Clinicopathological and prognosis significance of RIPK1 in patients with cervical squamous cell carcinoma: a retrospective cohort study

Introduction

Cervical cancer is one of the leading gynecologic cancers in women, and thus represents a huge challenge for health workers and researchers worldwide (1). The early screening and pervasive application of the human papillomavirus vaccine have led to a relative decline in the morbidity and mortality of cervical cancer patients. However, the 5-year overall survival (OS) rate of advanced cervical cancer patients remains low (2).

Standardized treatment is the main strategy used to delay the exacerbation of cervical cancer.
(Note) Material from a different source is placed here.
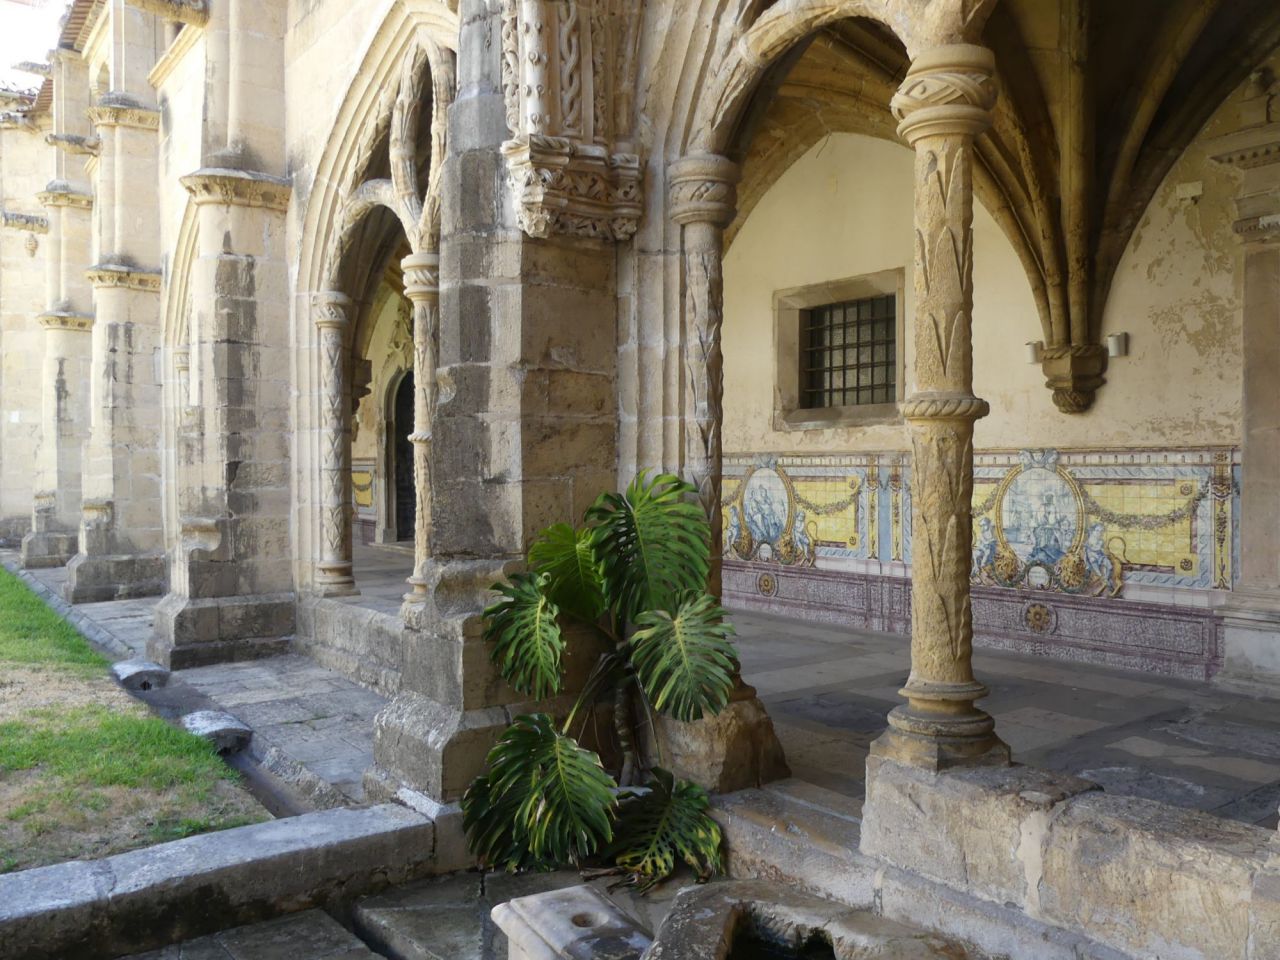 Detalle del claustro del Monasterio de Santa Cruz, donde están enterrados los dos primeros reyes del reino de Portugal, d. Afonso I y d, Sancho I

In the past decade, precision medicine has highlighted the importance of individualized treatment based on gene targets. Cervical squamous cell carcinoma (CSCC) is a major pathologic subtype of cervical cancer (3). The identification of high-precision CSCC molecular markers and an understanding of the mechanisms involved in tumor progression is of great significance to the early diagnosis and precision treatment of CSCC.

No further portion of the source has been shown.